Не то, чтобы он мне не нравился, но уже тогда я чувствовал, что он вносит в мою жизнь известное напряжение.
Он явился сразу и чуть ли не с порога доверительно сообщил (Лисы к счастью не было дома), что уже несколько лет является членом и активистом известной партии, ратующей за пролетарскую демократию. Я не слишком удивился, но все же ощутил некоторую неловкость, понимая, что пришел он ко мне скорее всего с каким-то конкретным предложением. Я попытался неуклюже отшутиться, заявив, что, как пролетарий умственного труда и член богемного профсоюза, счастлив приветствовать активиста, представляющего мои интересы. Он не заметил иронии; он был слишком увлечен, чтобы обратить на нее внимание. Он вывалил передо мной на столе кучу брошюр и листовок, а я сидел, расстроенный и ошарашенный, силясь собраться с мыслями и положить конец этому неожиданному давлению.
Робби с энтузиазмом разглагольствовал о том, что мое имя, поставленное под некоторыми из этих воззваний, несомненно привлечет новых сторонников к движению за социальный прогресс. Конечно следовало проявить твердость и дать ему ясный и категорический отказ, но я оказался на это не способен. Я бормотал что-то о чрезмерной занятости, о полной самоотдаче, которой требует от меня литература, наконец — и это было самое глупое — о своей неподготовленности к принятию столь ответственного решения. Робби меня не торопил и предложил подумать две недели. Он добавил, что на днях они с Софией берут отпуск и совершат недельный тур по городам Юга, в ходе которого он намерен выполнить ряд партийных поручений, связанных с агитационной работой. Я малодушно обрадовался такой отсрочке, и мы расстались.
Больше я Робби не видел.
Тот наш разговор не давал мне покоя все последующие дни. Я вновь и вновь к нему возвращался, злился на Робби за то, что он врывается в мою жизнь со своими дурацкими идеями, и на себя — за свою нерешительность и какую-то идиотскую интеллигентность, вечно мешающую мне послать человека куда следует. В те дни я совершенно не мог работать, сбился с мысли и оставил незавершенным хороший замысел, к которому и по сей день не вернулся. Я пытался успокоиться, говорил себе, что ничего страшного не произошло, просто старый университетский товарищ обратился ко мне с неприемлемыми для меня предложениями, и мне следует вежливо, но твердо отказаться. Все было напрасно! Я с завистью думал о людях, умеющих хладнокровно отказывать другим, пил пустырник; Лиса поминутно спрашивала, что со мной происходит, а я был раздражителен и грубоват. Если бы Робби не уехал в отпуск, я бы наверное позвонил ему сам и тем самым сразу прекратил бы свои мучения. И я понимал это, а потому бесился еще сильнее.

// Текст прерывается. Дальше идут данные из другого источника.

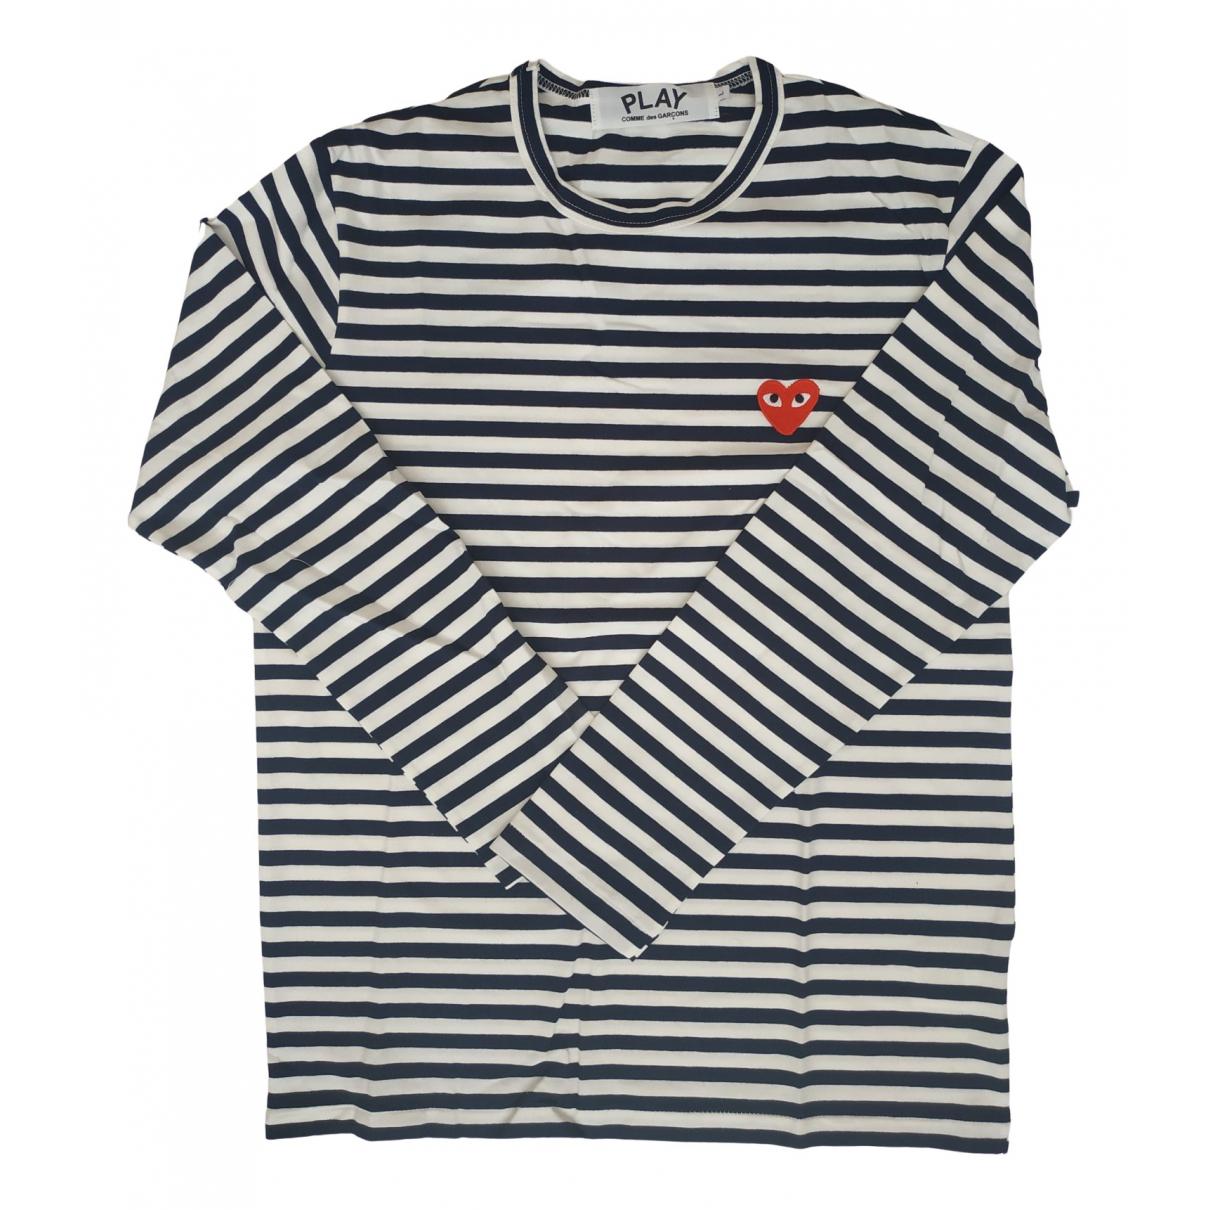 Camiseta Play Comme Des Garcons

Я вновь и вновь мысленно соглашался с тем, что наше общество порочно по своей сути, что оно основано на приоритете преходящих ценностей над вечными, и оттого в нем властвуют люди, которых после их смерти и помнить-то будет не за что, как при жизни не за что уважать. Но смогут ли Робби и ему подобные осуществить на практике какую-либо альтернативу? Я готов поверить, что когда-нибудь смогут. Но прежде придется пройти через взлеты и разочарования, исторические отступления и новые завоевания; все это будет долго и сложно, и уж во всяком случае сыну господина Р. не пристало принимать в этом участие.
Наконец, я твердо решил больше об этом не думать, а когда позвонит Робби — отказаться сотрудничать с ним и попросить его не беспокоить меня впредь.
Но Робби мне больше не позвонил.
О его аресте я узнал из газет. Его арестовали в аэропорту, сразу после возвращения из отпуска. Оказалось, что пока Розентали отсутствовали, полиция обнаружила в их квартире огромное количество героина. Софию также задержали, но ее через несколько часов выпустили, а против Робби начался длительный показательный процесс. Робби был, как говорится, «не бог весть какая птица», однако газеты в те дни шумели вовсю, видимо стараясь указать обывателю, какого типа люди приучают наших детей к наркотикам.
Абсурдность обвинения была столь очевидна, что любой опытный юрист камня на камне бы от него не оставил. Однако ни один серьезный адвокат не решился взяться за это дело, на чем, очевидно, заранее и строился расчет властей. София наверняка с ног сбилась, но все оказалось напрасным, и Робби был вынужден согласиться на предложенного ему «королевского» адвоката.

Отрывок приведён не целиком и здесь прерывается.